I am sitting quietly, at the end of a busy day, on Good Friday evening. Part of me wonders – did I miss it? Did I miss Lent? This year, my personal progression through the journey of Christ has been a different one.
A few years back, I graduated from seminary and departed from a community that sought to live within embodied expressions of the story of Christ – we sought to indwell the liturgy. The new church communities in which I’ve been involved have been wonderful in many ways, and overflowing with hospitality. However our family has felt the absence of the liturgy as a guide for our own lives, and particularly during Lent. I have lost a corporate sense of the journey, as manifest in historic prayers, common readings, and sensory experiences in worship each week, as well as in multiple community prayer gatherings throughout the week. Admittedly, seminary is a special time in life – maybe even a glimpse of what Kingdom worship could look like. But while I have lost some of the drama and rhythm in worship, I have gained a greater understanding of simplicity of Christ’s journey. A clear purpose lived out in ordinary ways with extraordinary – Kingdom-ushering – results.

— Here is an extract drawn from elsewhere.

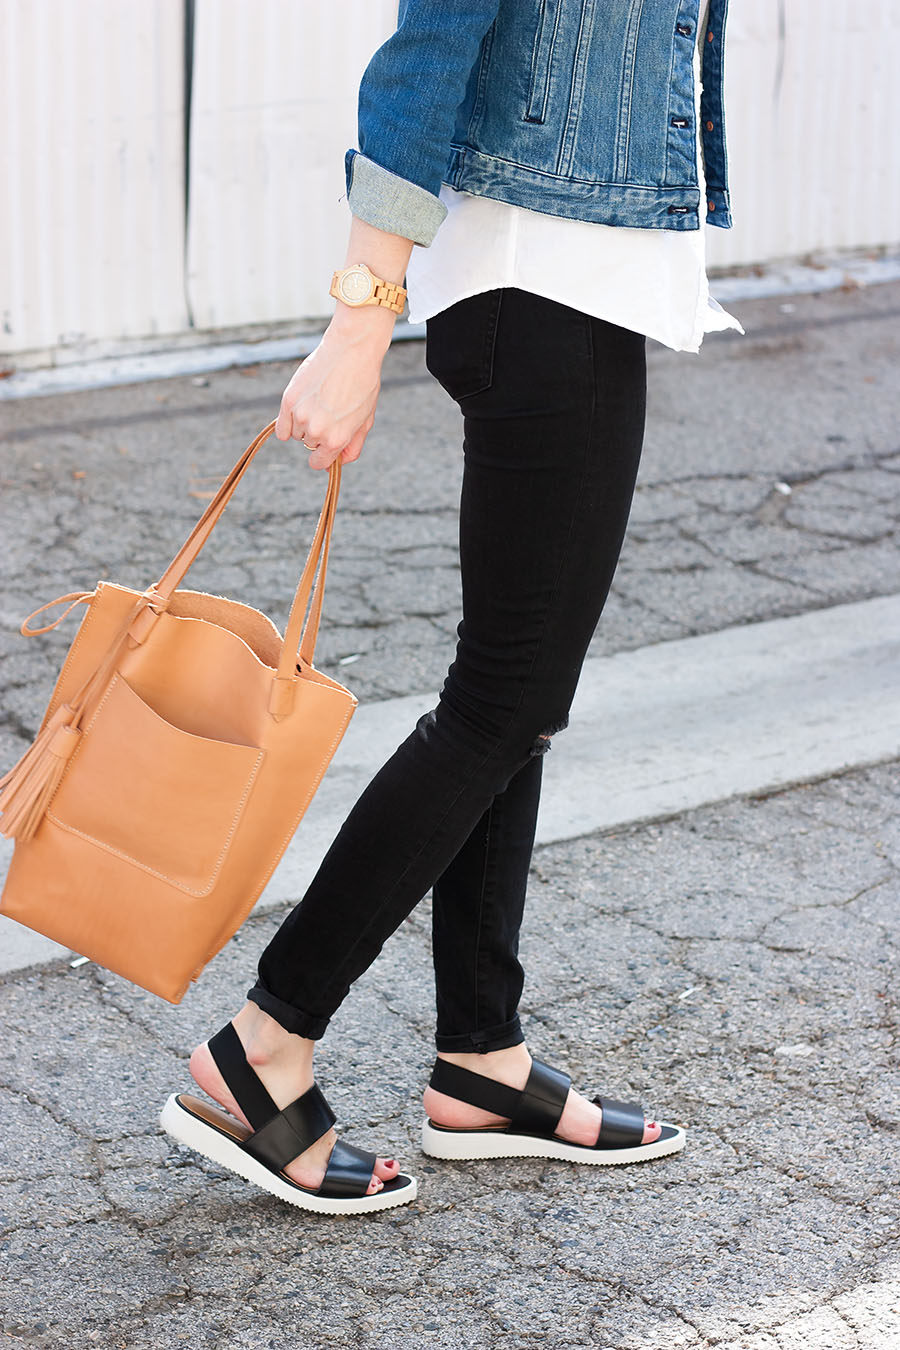 Everlane, Everlane Street Sandal, Leather Tote Bag, Black Skinny Jeans, Jord Watch

Since leaving this time in graduate school, I have tried to capture the liturgy in my own life during the seasons of the Church Year. As is typical as many of us approach Lent, I began to think through ways that God might be calling me to modify my spiritual practices during the season. I considered giving something up. I considered adding more spiritual disciplines. I considered exercising more, shopping less. I tinkered with contemplative prayer. But somewhere about the second week, most of these goals dissolved. I was still processing the death of my grandmother a few weeks before. I was making significant decisions about my calling and vocation when two new job opportunities suddenly surfaced. My family and I were discerning God’s will for some next steps in our family life. These were all “ordinary” occurrences – happening naturally in our lives. We didn’t have to force the journey. I felt the desperation that I often strive to feel during the season of Lent. But it was real. No, I was not journeying to a physical death on a cross; but these ordinary life meanderings have placed a weight on my heart and mind that has drawn me into the journey of Christ, and ultimately to the foot of the cross.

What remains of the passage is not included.